I also tried to set all the environment variables in the docker files before building them.
I also tried to replace my local IP address with the docker IP that represents the container I want to pass, in my case it is 172.19.0.2 I have the feeling I'm real close to the solution but I was hoping you could help me out a bit.
I also noticed that (in docker-entrypoint.sh), in case the webserver == NGINX, the WEBSERVER_ARGUMENTS is empty :
if [ $WEBSERVER = "Apache" ]; then
if [ ! -z $PROXY ]; then
if [ $PROXY -eq 1 ]; then
WEBSERVER_ARGUMENTS='-D crs_proxy'
if [ -z "$UPSTREAM" ]; then
export UPSTREAM=$(/sbin/ip route | grep ^default | perl -pe 's/^.*?via ([\d.]+).*/$1/g'):81
fi
fi
fi
elif [ $WEBSERVER = "Nginx" ]; then
WEBSERVER_ARGUMENTS=''
fi
I was wondering if this could be the problem.

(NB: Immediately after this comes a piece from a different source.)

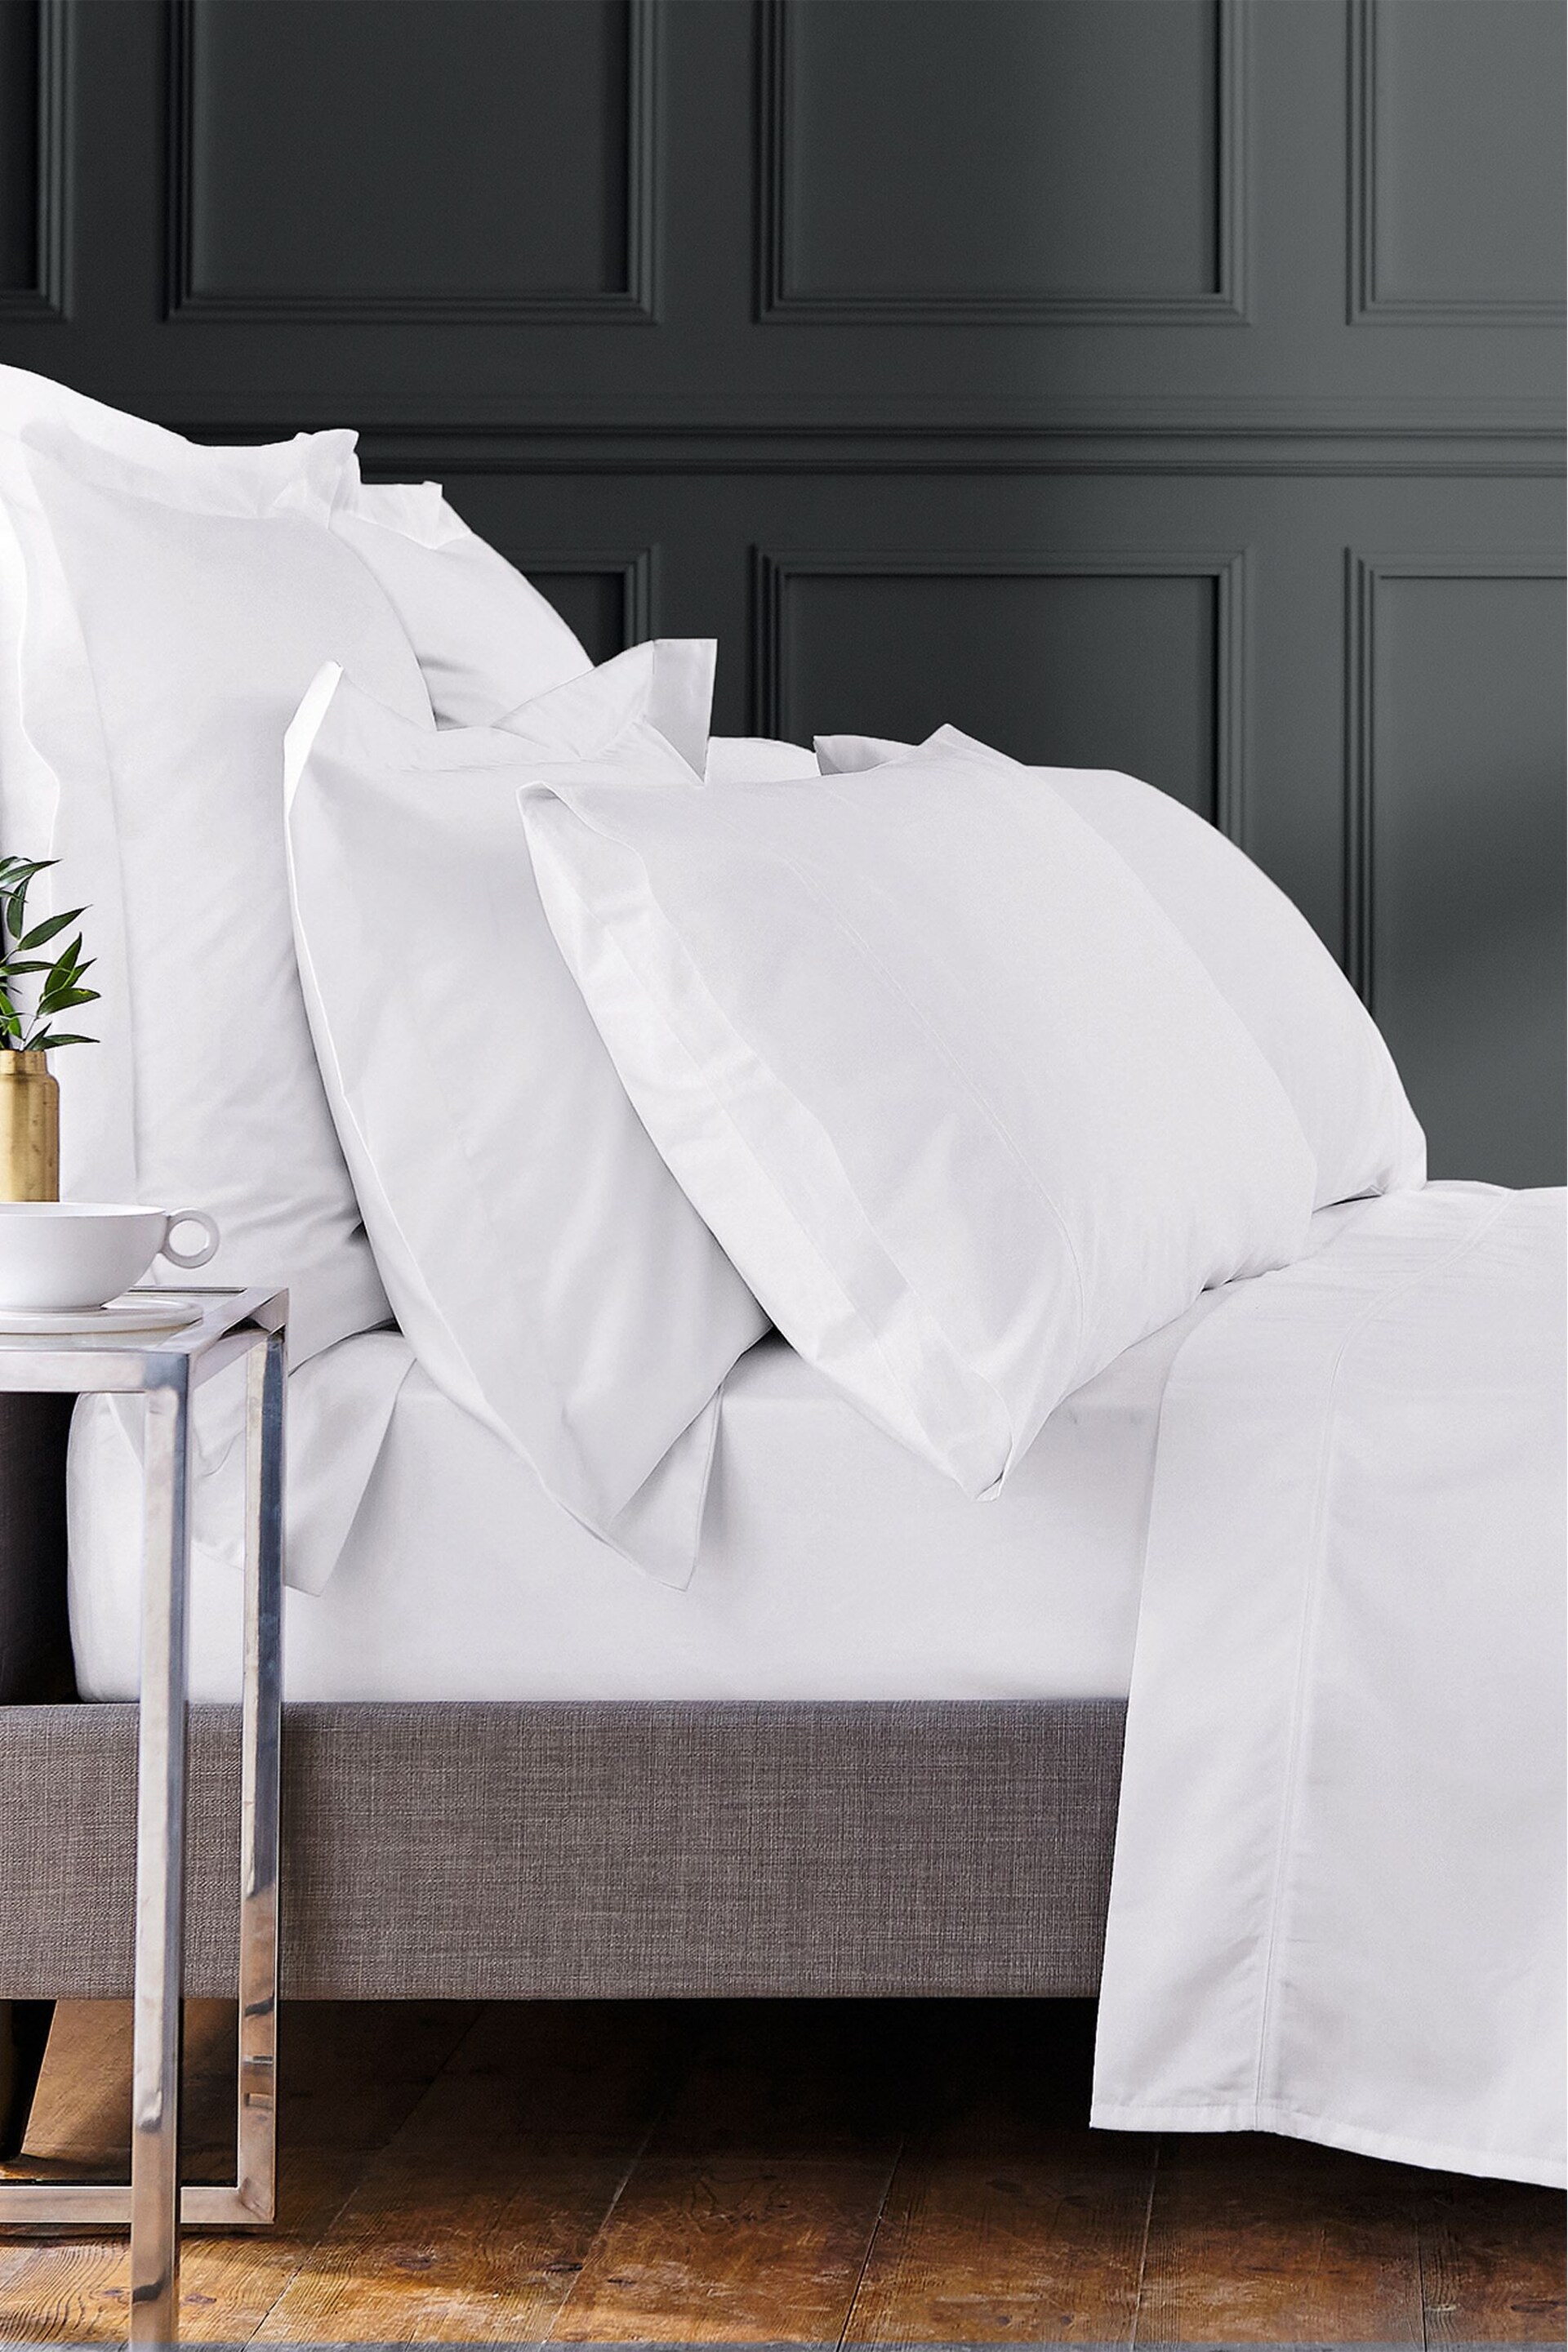 Bedeck Of Belfast White 1000 Thread Count Egyptian Cotton Sateen Fitted Sheet - Image 1 of 2

Sorry for the long post and thanks a lot in advance.
Yours sincerely, Pieter Lems
Dear @franbuehler
After a lot of trying I managed to get it working without the crs rules.
When rebuilding the base image I had to set the proxy location as well:
docker build --build-arg SETPROXY=True --build-arg PROXYLOCATION=192.168.0.55:8000 -t my-modsec-nginx3
Then follow the same procedure as mentioned above:
cd ..
git clone https://github.com/SpiderLabs/owasp-modsecurity-crs.git
cd owasp-modsecurity-crs/
cd util/docker/
vim Dockerfile-3.0-nginx <- set your built image to my-modsec-nginx3
docker build -t my-modsec-crs-nginx3 -f Dockerfile-3.0-nginx .
Now I only have to build the owap-modsecurity-crs image again and run in it with the command: docker run -ti 80:80 my-modsec-crs-nginx3
I was hoping there is a way to pass the proxylocation argument in the command mentioned above instead of when building the base image.
In the dockerfile I had to change the line:
printf "include /etc/modsecurity.d/owasp-crs/crs-setup.conf\ninclude /etc/modsecurity.d/owasp-crs/rules/*.conf" >> /etc/modsecurity.d/include.conf && \
to
printf "include /etc/modsecurity.d/owasp-crs/crs-setup.conf" >> /etc/modsecurity.d/include.conf && \
Because if /etc/modsecurity.d/owasp-crs/rules/*.conf is included it still throws the error:
terminate called after throwing an instance of 'std::logic_error'
what(): basic_string::_M_construct null not valid
I think the error is related to another problem since there was an issue opened yesterday where this problem is mentioned. (issue 2180 in the ModSecurity repo)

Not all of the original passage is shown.